Ничего из того, что он мысленно классифицировал как «слуховые угрозы».
Томасу Мейджору всегда хотелось иметь свою конуру. И вот теперь, заключенный в свой кокон и изолированный от внешнего мира, так далеко от всех людей и их ненавистного шума, он постукивает кончиком карандаша по первой странице «Большого сборника действительно сложных криптических кроссвордов Гардиан» и снова принимается размышлять. Постукивание карандаша – приятный звук, хороший аккомпанемент чистому умственному усилию. И это его звук, его шум.
Так же как и громкое прихлебывание, которое он производит, отпивая чай – горячий и чересчур сладкий. Рядом с ним нет никого, кто мог бы попенять ему на плохие манеры. И он будет громко прихлебывать, если ему так хочется. Томас булькает чаем во рту, пока он не остынет, а потом громко полощет им горло.
«Вот так-то», – проглотив чай, говорит он, ни к кому не обращаясь.
Всю свою жизнь Томас мечтал иметь собственное укрытие. Он завидовал людям, которые могли исчезнуть в глубине своего сада и отгородиться от всех и вся. И вот теперь, на свой сорок седьмой день рождения, он наконец был один, с полным правом шумно прихлебывать чай и проводить сколько угодно времени за разгадыванием кроссвордов. Он давно приберегал этот сборник с дьявольски сложными загадками. Томас снова постукивает карандашом по странице. Пережеванное?[3] Но исковерканное? Печально исковерканное?

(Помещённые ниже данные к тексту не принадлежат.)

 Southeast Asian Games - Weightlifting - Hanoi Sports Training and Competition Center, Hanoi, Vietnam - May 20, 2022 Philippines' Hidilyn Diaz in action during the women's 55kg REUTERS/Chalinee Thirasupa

Поскольку Томас Мейджор может делать все, что ему заблагорассудится, ему приходит в голову, что было бы неплохо послушать музыку, чтобы лучше соображать. Хорошую музыку, разумеется, а не тот «тынц-тынц-тынц», доносящийся из дорогих машин с распираемыми от высокомерия молодыми людьми за рулем. Он с удовольствием взял бы с собой всю свою коллекцию виниловых пластинок, но это было физически невозможно. Поэтому ему пришлось все оцифровать – каждую альбомную композицию, каждую «А» и «Б» сторону, каждую редкость, каждую гибкую пластинку, прилагавшуюся к нотному сборнику или музыкальному журналу. Все до единой записи. Так как сегодня его день рождения, Томас решает послушать что-нибудь воодушевляющее и приятное – например, «The Cure». Он включает компьютерный терминал – морщась от издаваемого им натужного гудения и жужжания – и выбирает «Disintegration». Великолепное возвращение к мрачному стилю, 1989 год. Начинается перемешивание треков, что Томасу совершенно не нравится – альбом нужно слушать в таком порядке, как было задумано группой – но пока ему не удалось выяснить, как отключить эту функцию. Первой начинает звучать песня «Homesick».

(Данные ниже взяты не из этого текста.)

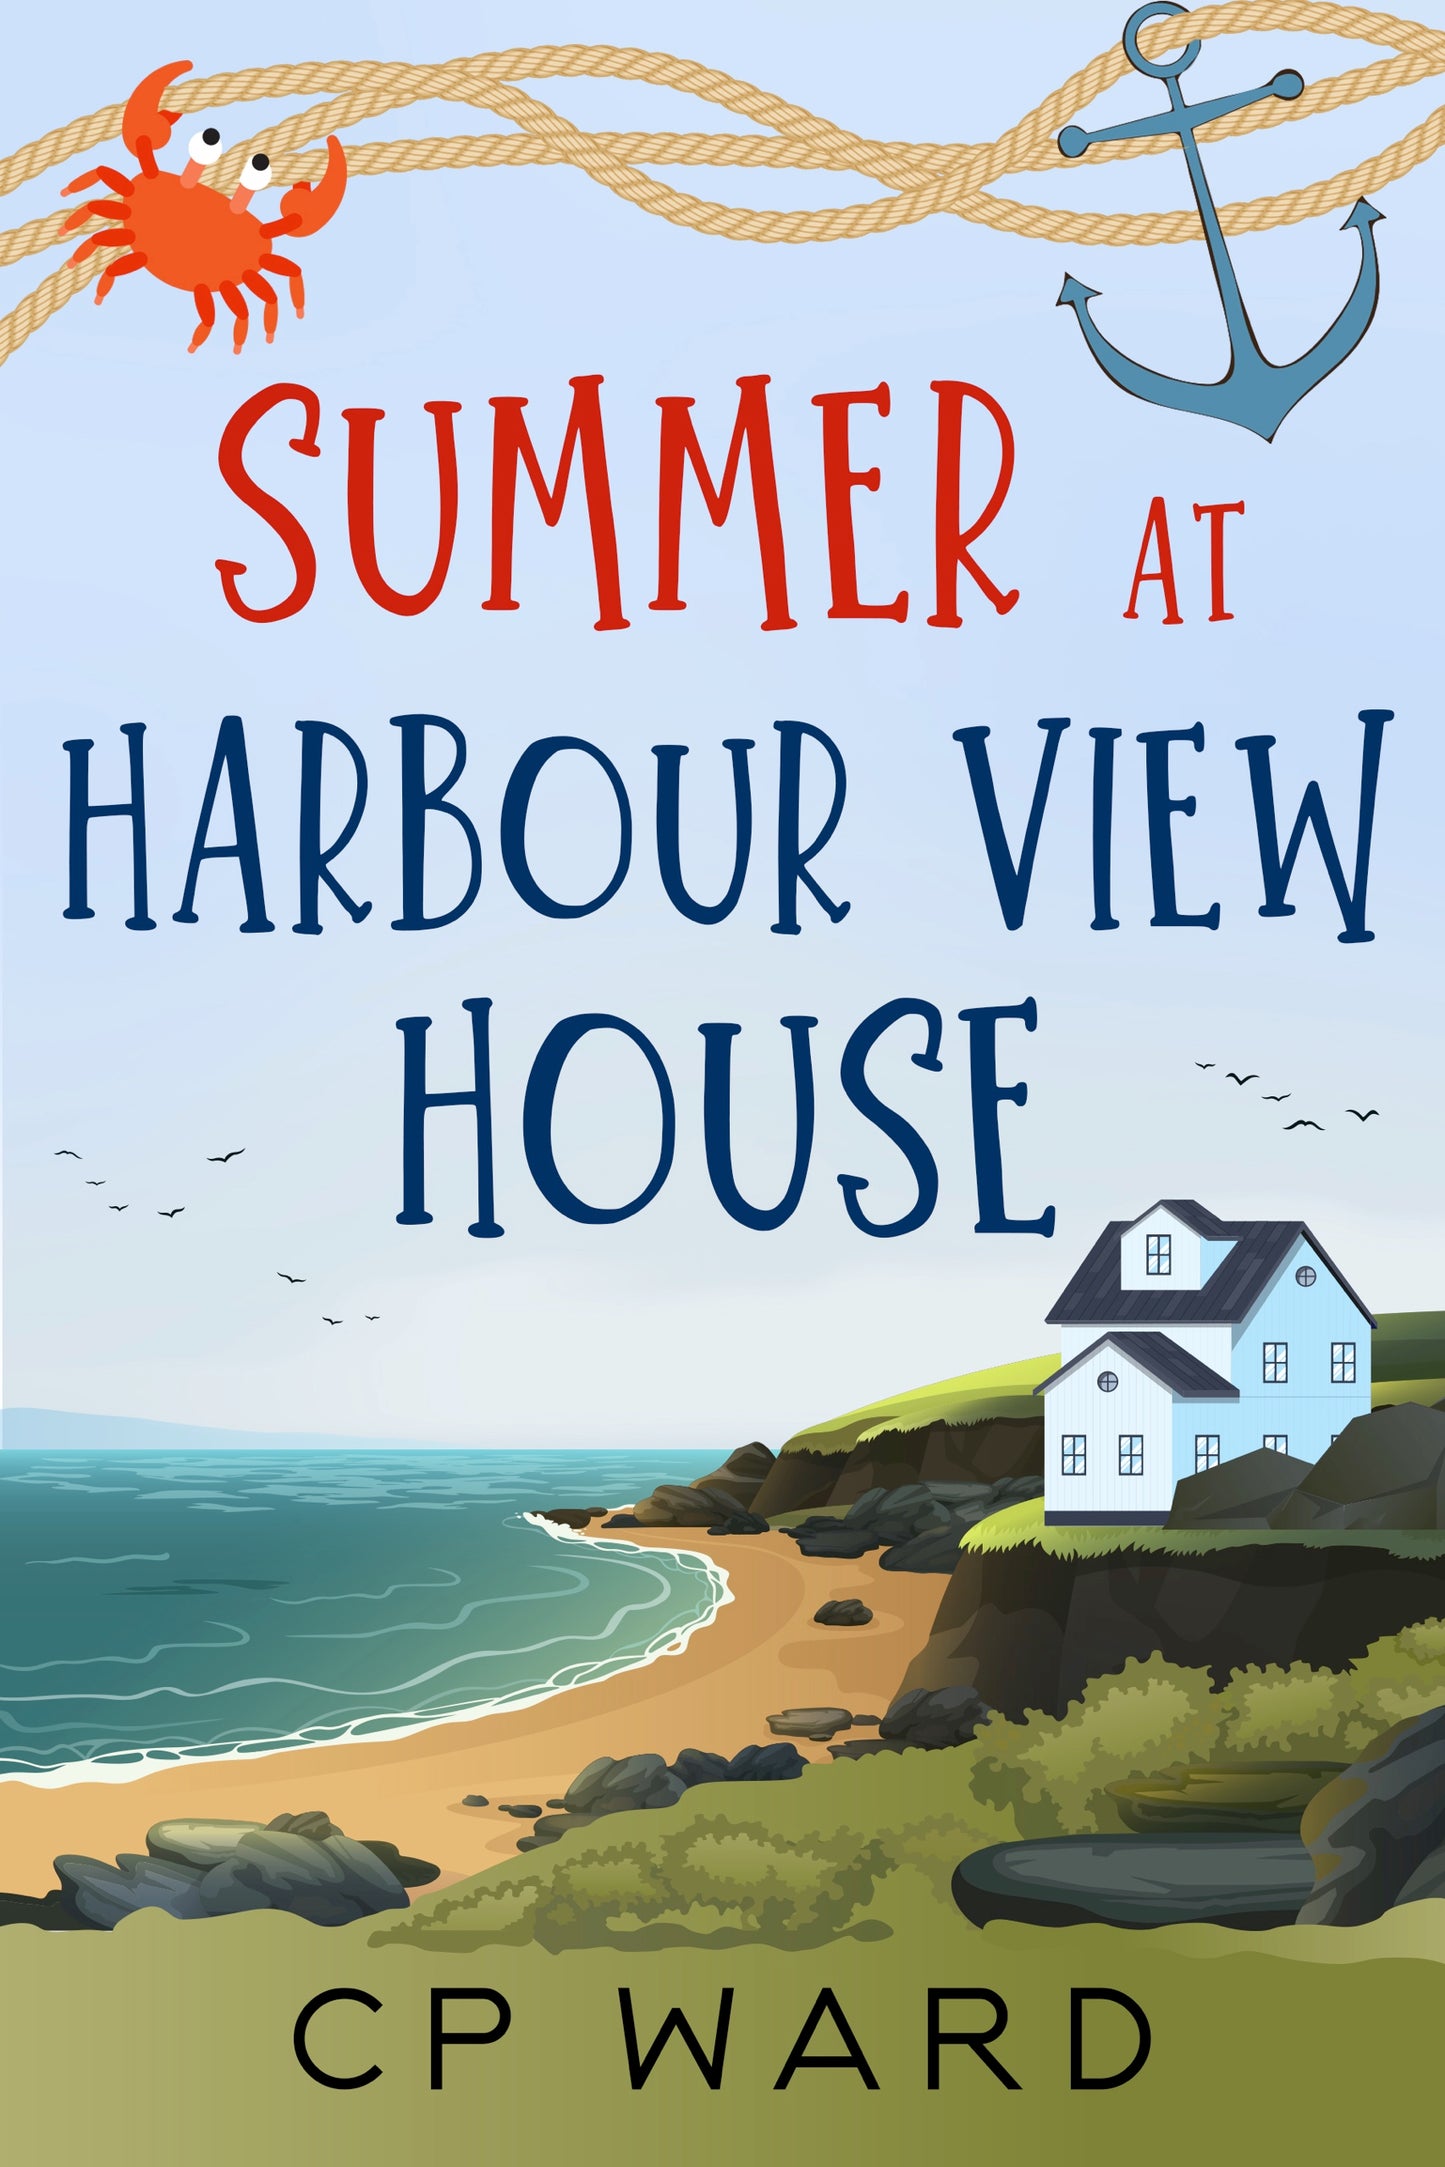 Summer at Harbour View House

Томас издает хрюкающий звук, шумно выдыхает воздух через нос и криво улыбается.
Почти. Но не совсем.
Солнце на латыни – это, должно быть, Sol, разумеется. Одно пережеванное – число? Томас задумчиво покусывает кончик карандаша, пока не начинает играть следующая песня. Возможно, выглядывание в иллюминатор даст какой-то толчок? Однако от этого лишь, как всегда, захватывает дух, и Томас думает о том, не надоест ли ему когда-нибудь этот вид, не станет ли он казаться ему обыденным и лишенным очарования. Томас всей душой надеется, что этого не произойдет. Потому что вот он здесь, совсем один со своим чаем, кроссвордом и музыкой, а где-то там, далеко снаружи, находятся все остальные.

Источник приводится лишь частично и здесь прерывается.